Nach den Brandkatastrophen, die sich 1999 in den beiden Strassentunnels Mont Blanc und Tauern ereigneten, liess Verkehrsminister Moritz Leuenberger auch die Sicherheit in den bestehenden Eisenbahntunnels untersuchen.

Problemlos sind die Kurzen

Die wichtigste Betreiberin, die SBB, ist für 250 oder 36 Prozent aller Tunnels verantwortlich. Die Untersuchung des BAV kommt zum Schluss, dass die meisten ein hohes Sicherheitsniveau aufweisen und keine ernsthaften Sicherheits-Probleme bestehen.

Bei über 80 Prozent der als «sicherheits-technisch unproblematisch» eingestuften Bauten handelt es sich gemäss BAV grösstenteils um Tunnels von höchstens 300 Metern Länge, die bei einem Zwischenfall relativ rasch
evakuiert werden könnten. Bei 84 Tunnels mit einer Länge von 300 bis 3’000 Metern sollten zusätzliche Sicherheits-Massnahmen geprüft werden.

Zur gefährlichsten Kategorie gehören 26 Tunnels, von denen die meisten über 3’000 Meter lang sind, darunter der Gotthard-Eisenbahntunnel sowie Lötschberg, Simplon und Vereina. Bei diesen erachtet das zusätzliche BAV Massnahmen als gerechtfertigt.

Die Tunnellänge hat bei der Bewertung der Sicherheit zentrale Bedeutung. Bei über 30 der untersuchten Tunnels messen die Fluchtweg-Distanzen mehr als einen und bis 9,5 Kilometer. Vorteilhafter ist die Situation laut Bundesamt für Verkehr (BAV) bei einem zweiröhrigen Tunnelsystem mit Durchgängen in Abständen von einigen hundert Metern.

Ein solches System verkürze die Fluchtdistanz markant und sei deshalb auch für
die neuen Neat-Basistunnels am Gotthard und am Lötschberg vorgesehen.

Keine besonderen Finanzierungs-Möglichkeiten

Es bleibe Aufgabe der Bahnen, die notwendigen Massnahmen zur Tunnelsicherheit in ihre Investitionsplanung zu integrieren. Den SBB zum Beispiel stehe seit 1998 ein Kredit von 45 Mio. Franken zur Verfügung.

Damit sollen bis 2005 in 27 Tunnels Fluchtwege mit Handläufen, Fluchtweg-Kennzeichnungen und Tunnel-Beleuchtungen installiert werden.
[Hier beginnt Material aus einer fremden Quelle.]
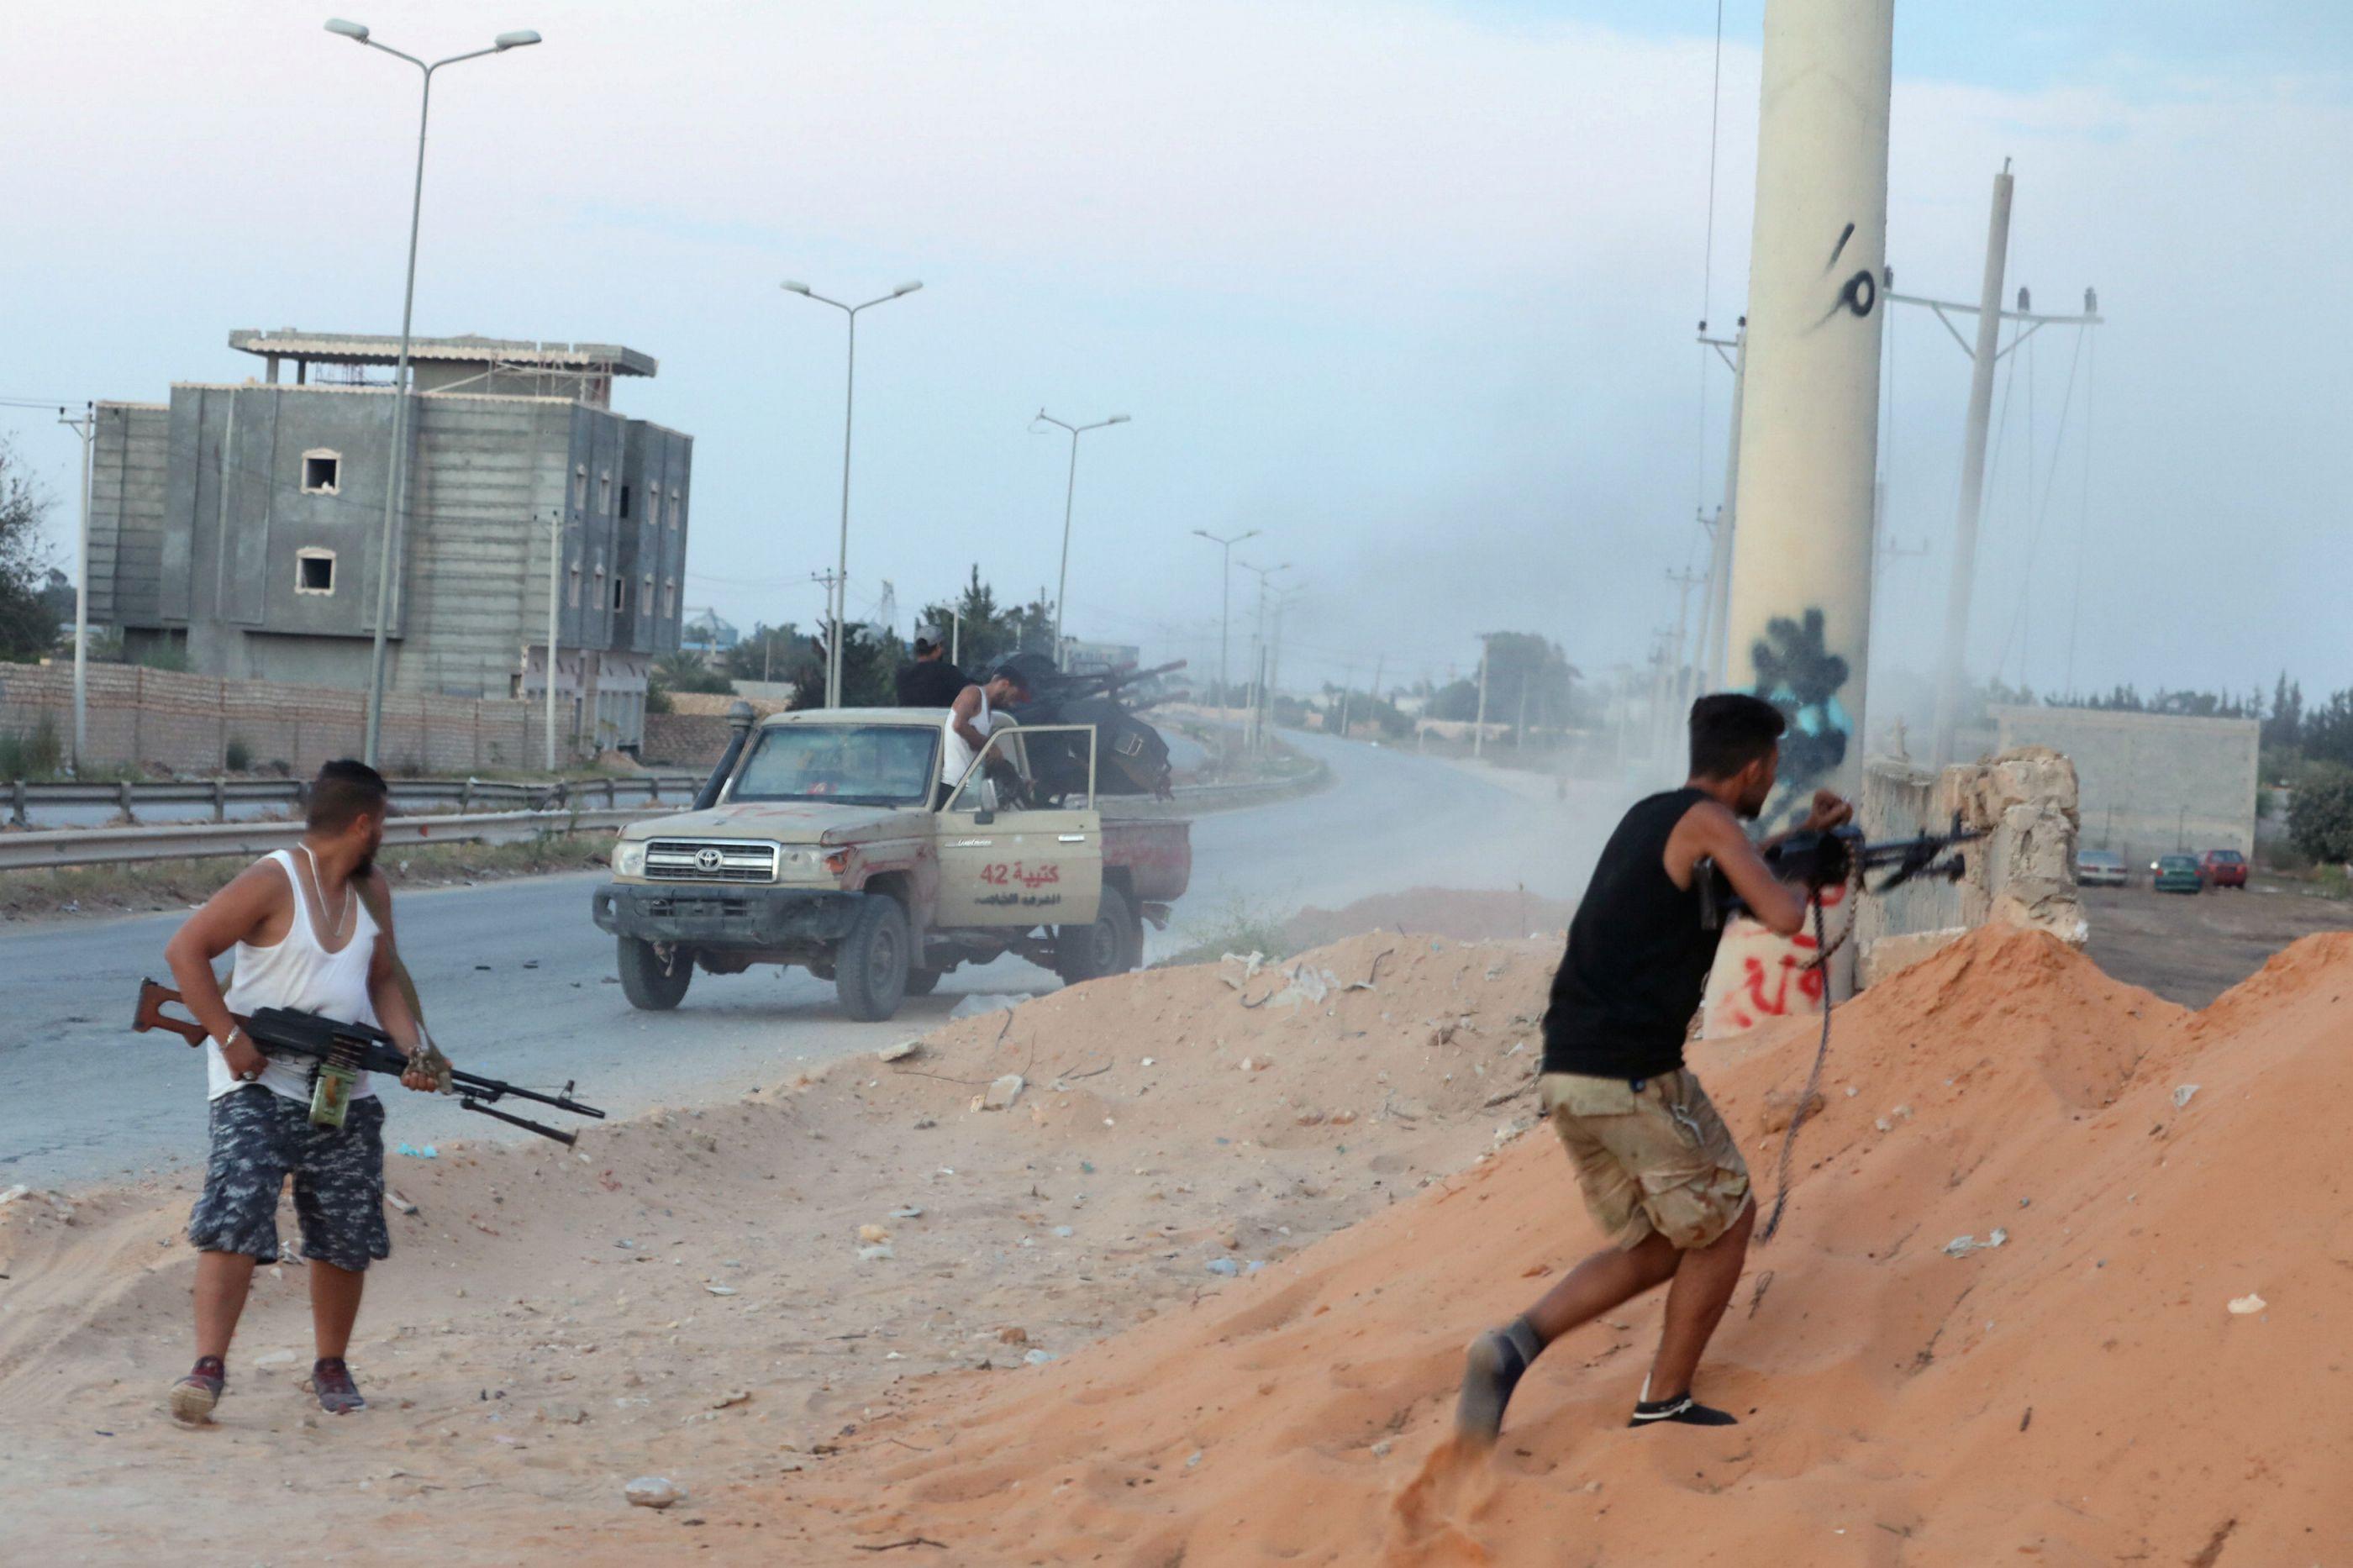 Tripoli consegue travar avanço de forças do marechal líbio Khalifa Haftar

Viel sicherer als Autoverkehr

Durchschnittlich ereigneten sich im Bahnverkehr zwischen 1990 und 1997 jährlich 260 Unfälle mit 80 Verletzten und 48 Toten. Dies sind 200 bis 400 mal weniger Unfälle und Verletzte als im Strassenverkehr sowie 15 mal weniger Todesfälle.